* TASK STATEMENT *
Every line in the data below has to be repeated exactly; no picture belongs in the result.

* RECORDED DATA *
+ + + +
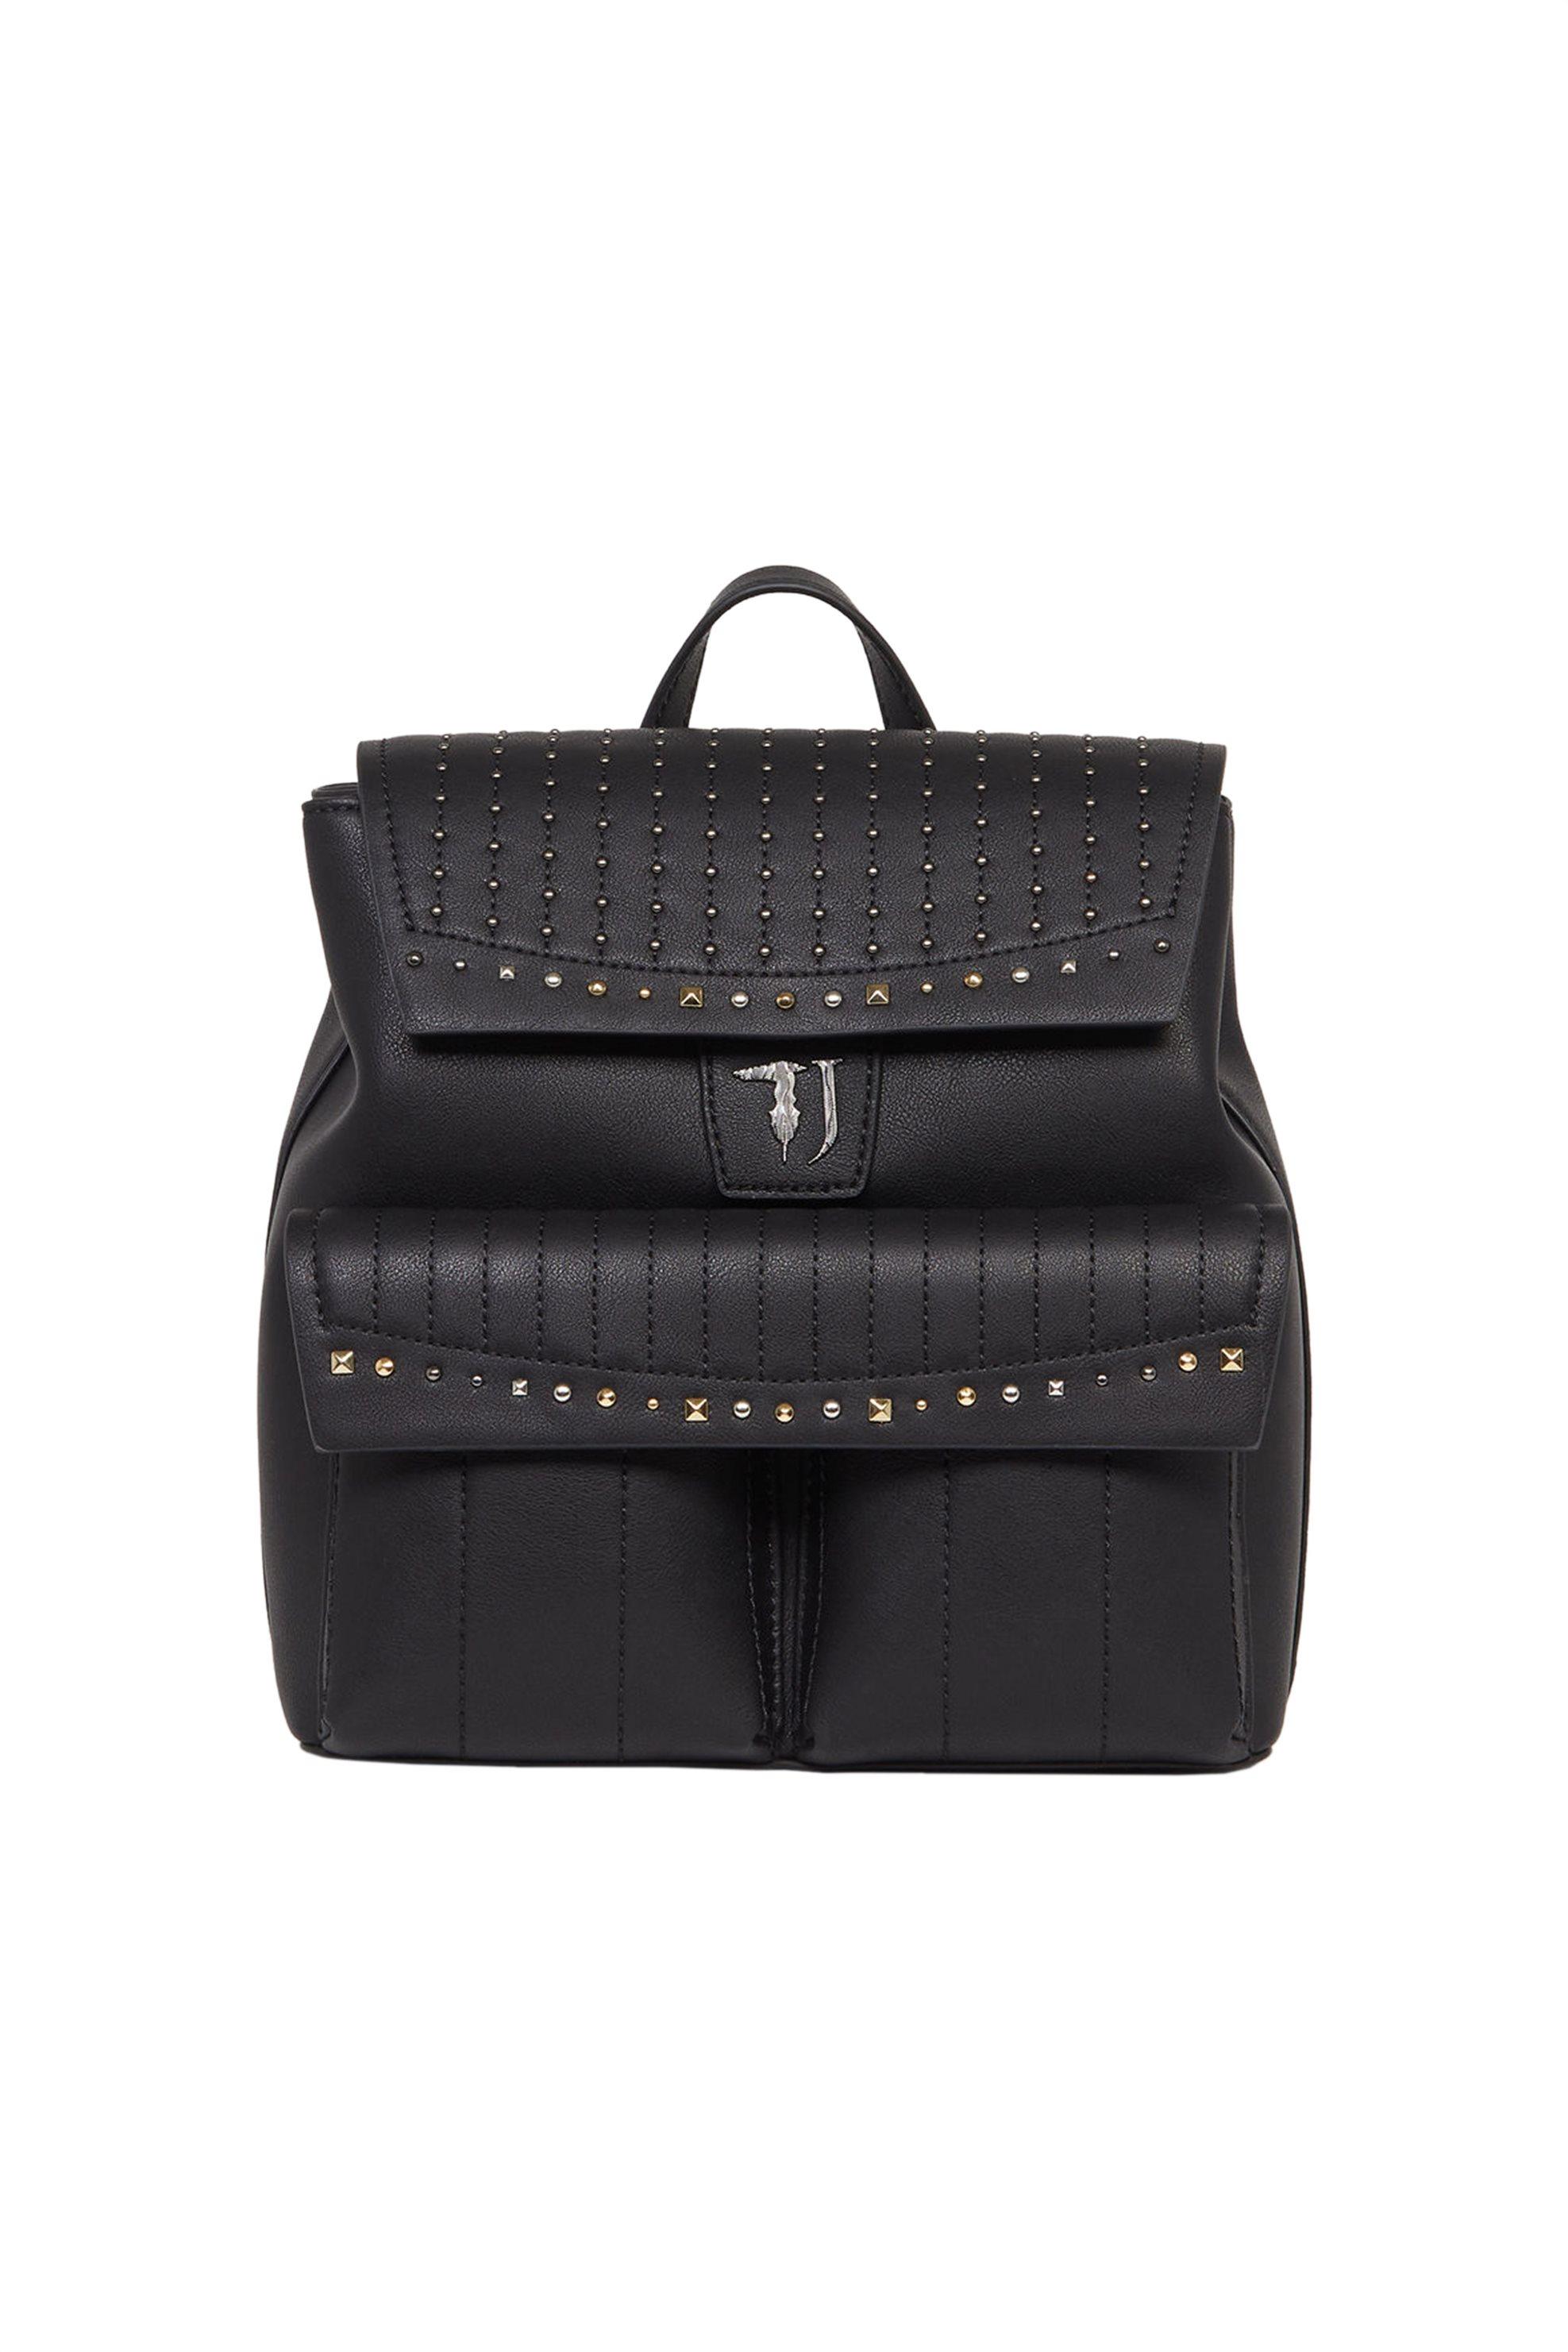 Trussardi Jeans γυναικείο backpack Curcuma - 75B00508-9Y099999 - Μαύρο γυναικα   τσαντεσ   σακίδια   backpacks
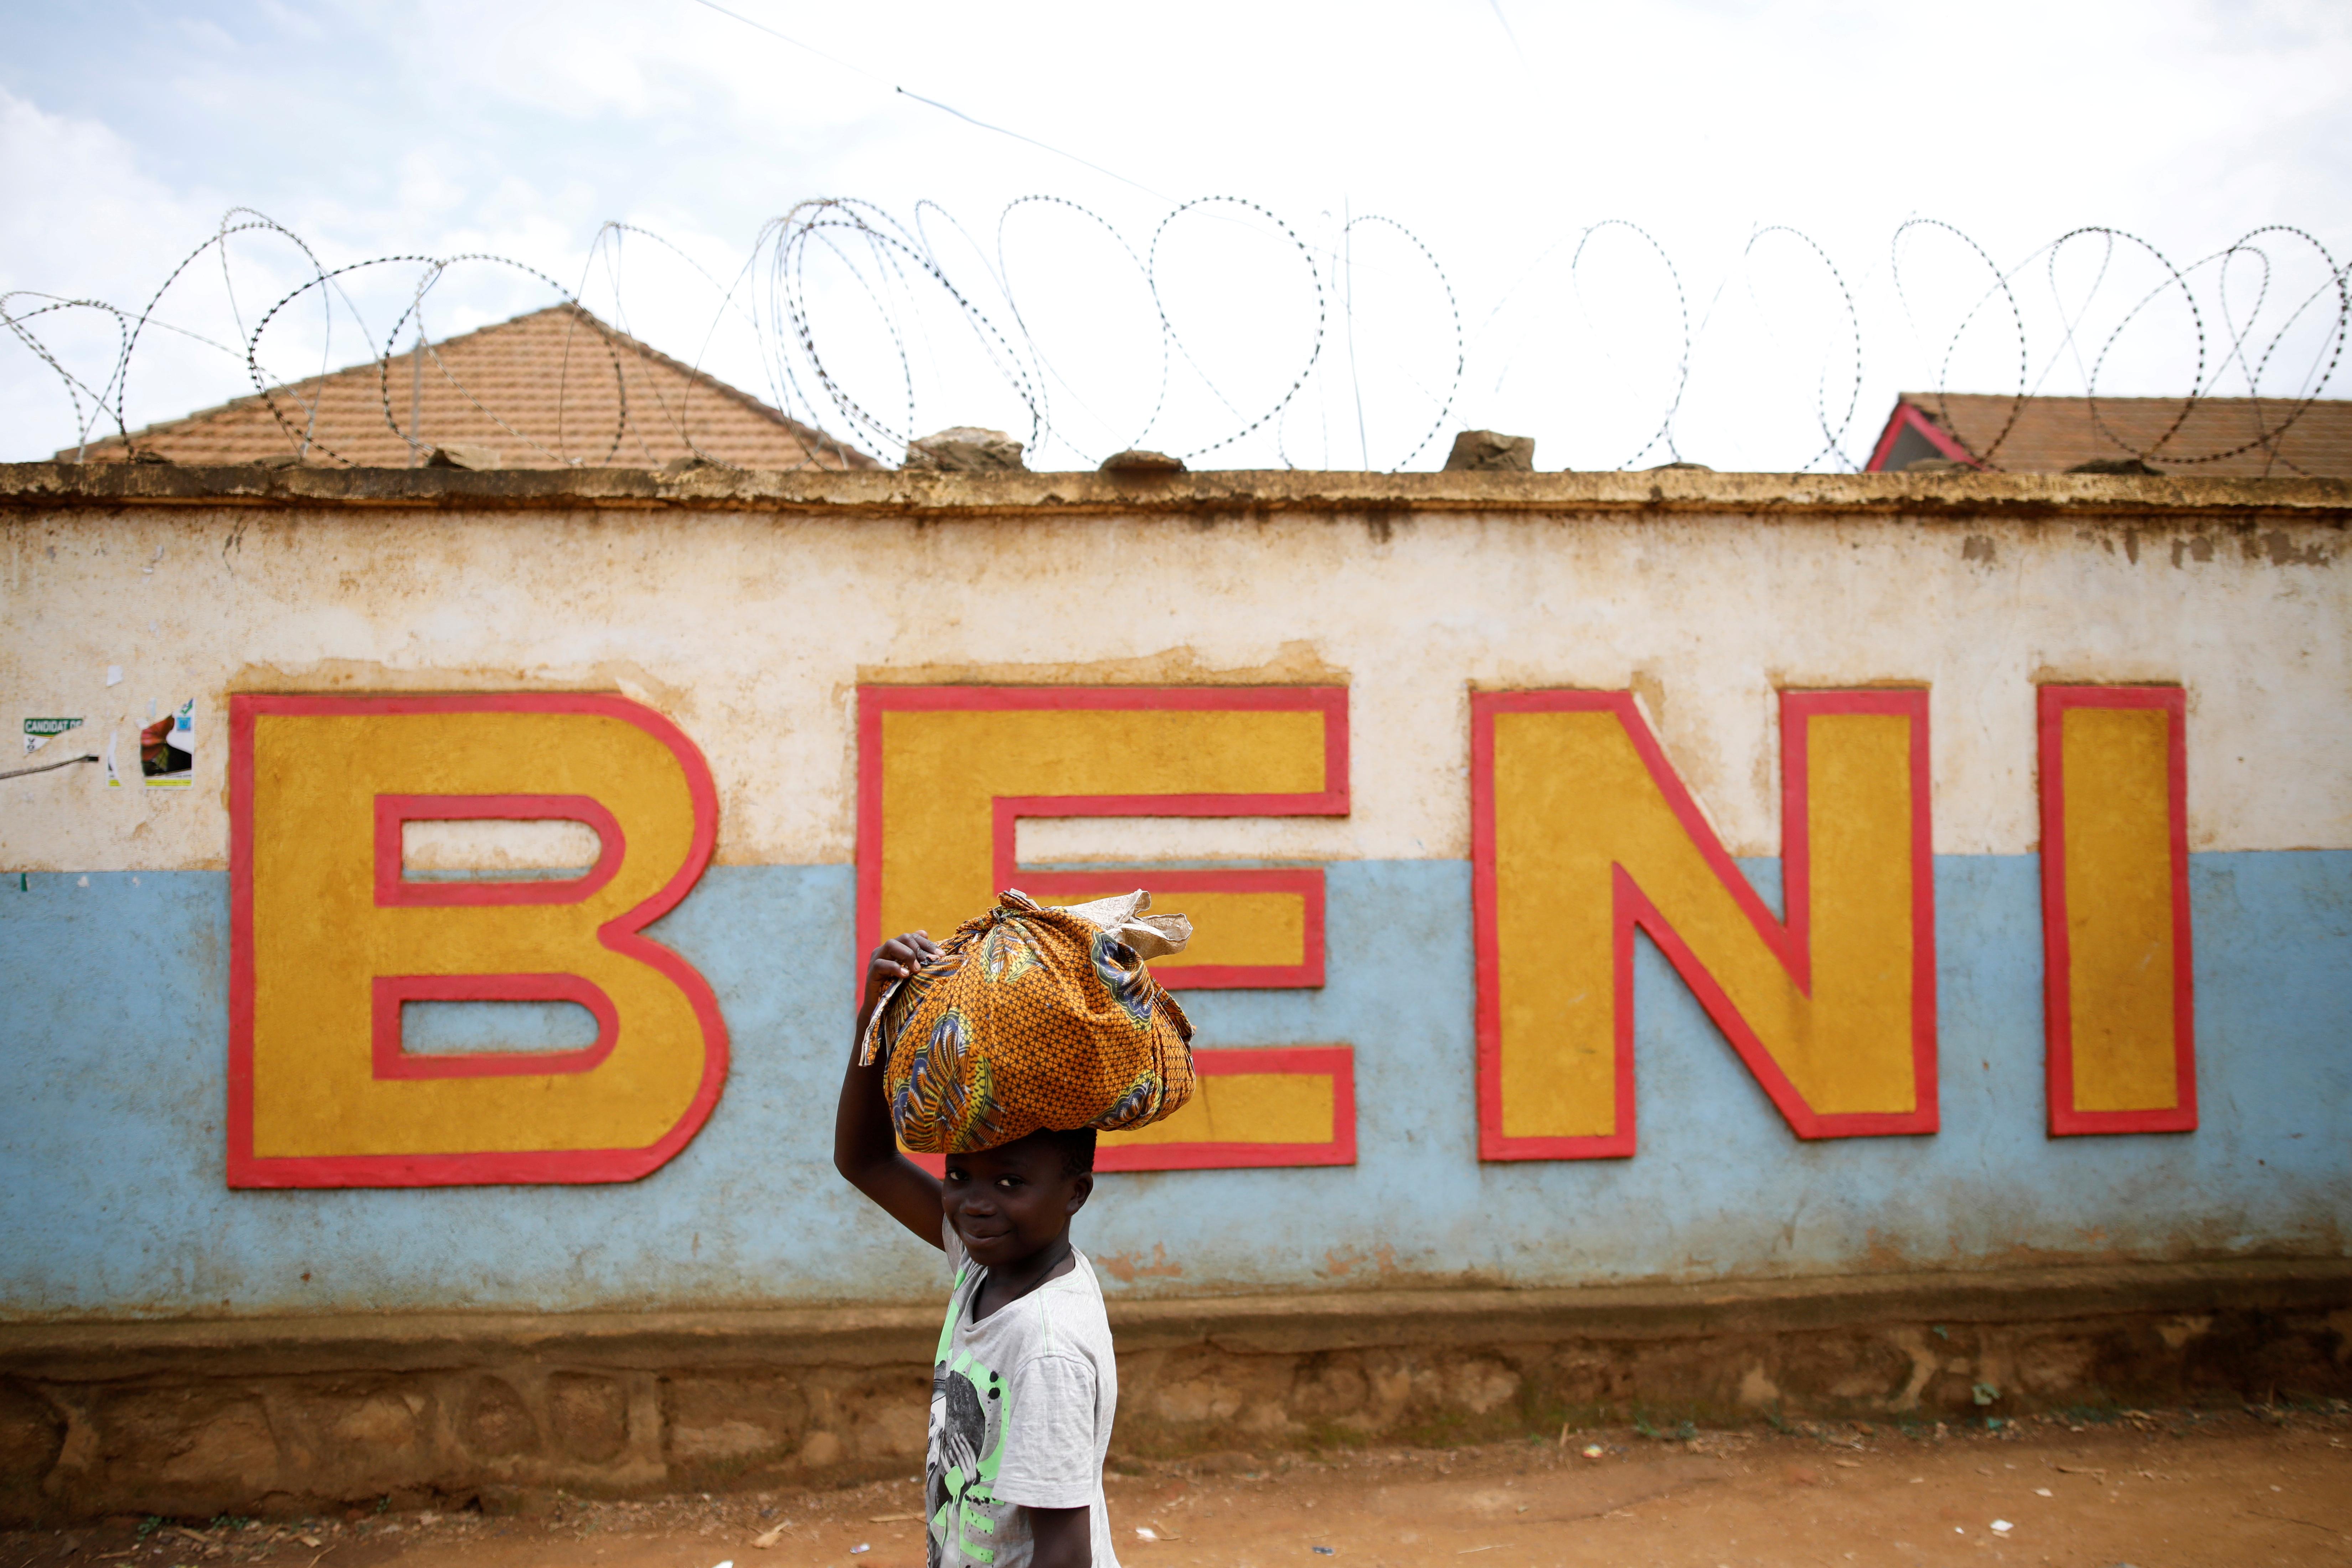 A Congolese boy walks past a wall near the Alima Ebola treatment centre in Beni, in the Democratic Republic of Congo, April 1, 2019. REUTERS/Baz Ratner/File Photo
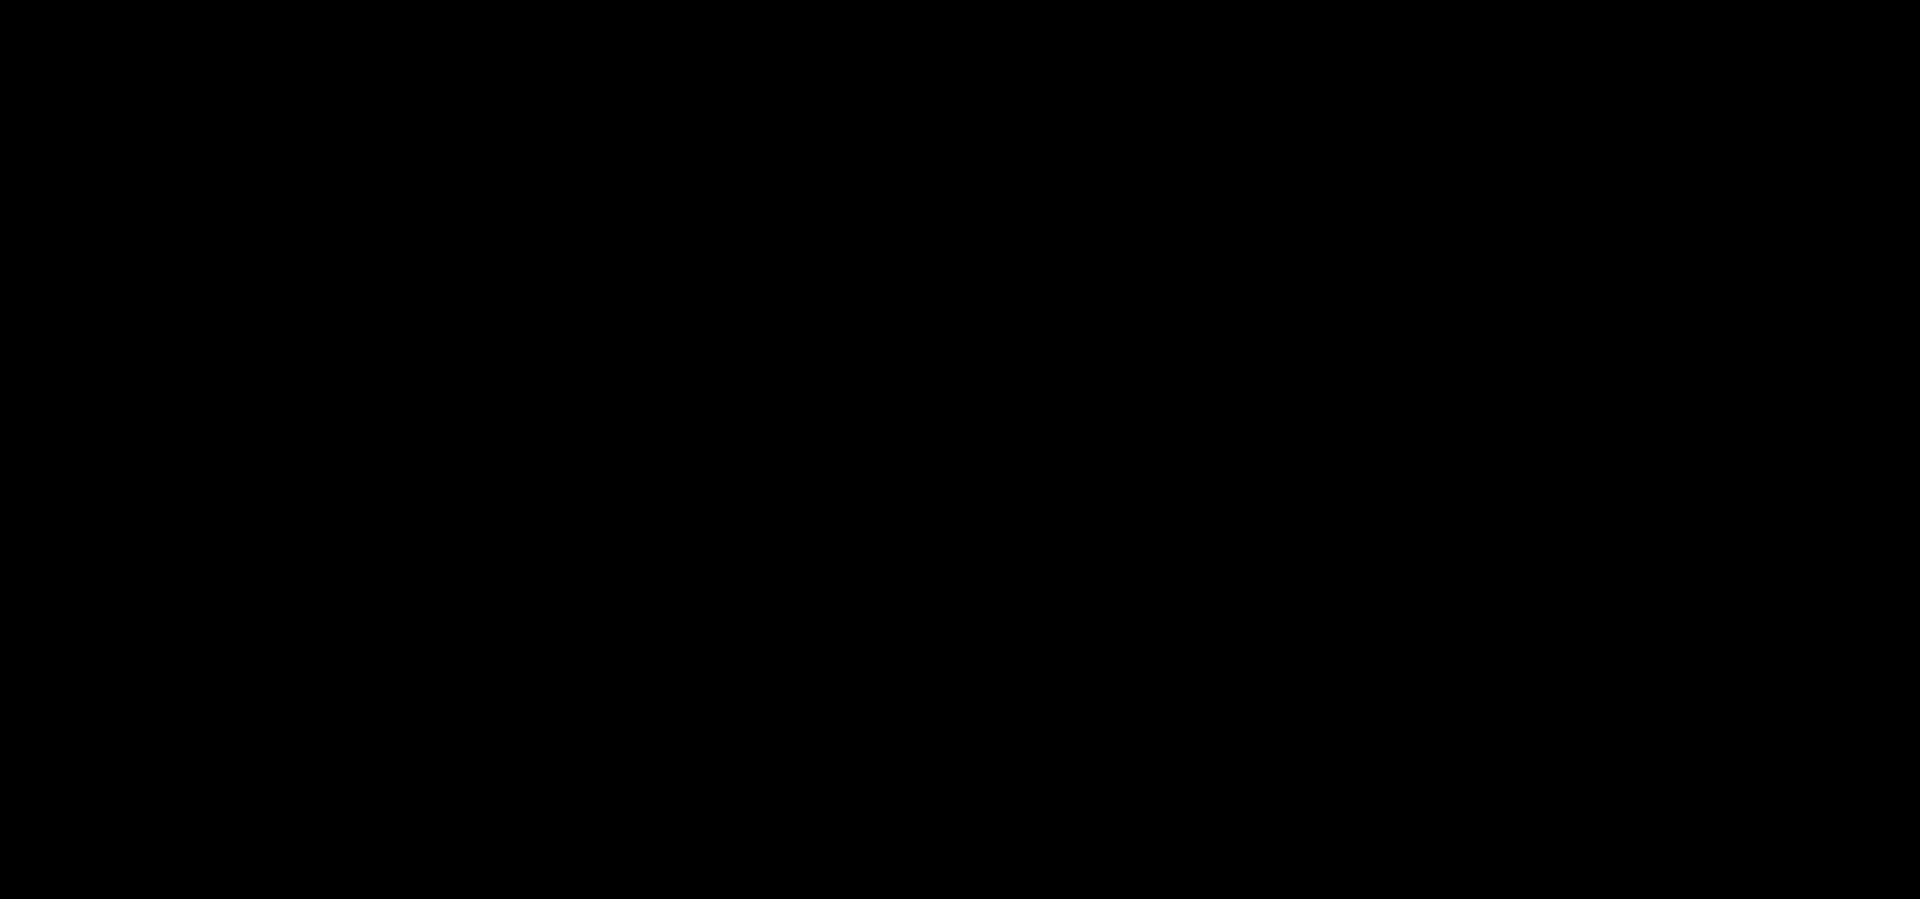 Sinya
+ + + +
* ANSWER TO THIS TASK *
 Trussardi Jeans γυναικείο backpack Curcuma - 75B00508-9Y099999 - Μαύρο γυναικα   τσαντεσ   σακίδια   backpacks
 A Congolese boy walks past a wall near the Alima Ebola treatment centre in Beni, in the Democratic Republic of Congo, April 1, 2019. REUTERS/Baz Ratner/File Photo
 Sinya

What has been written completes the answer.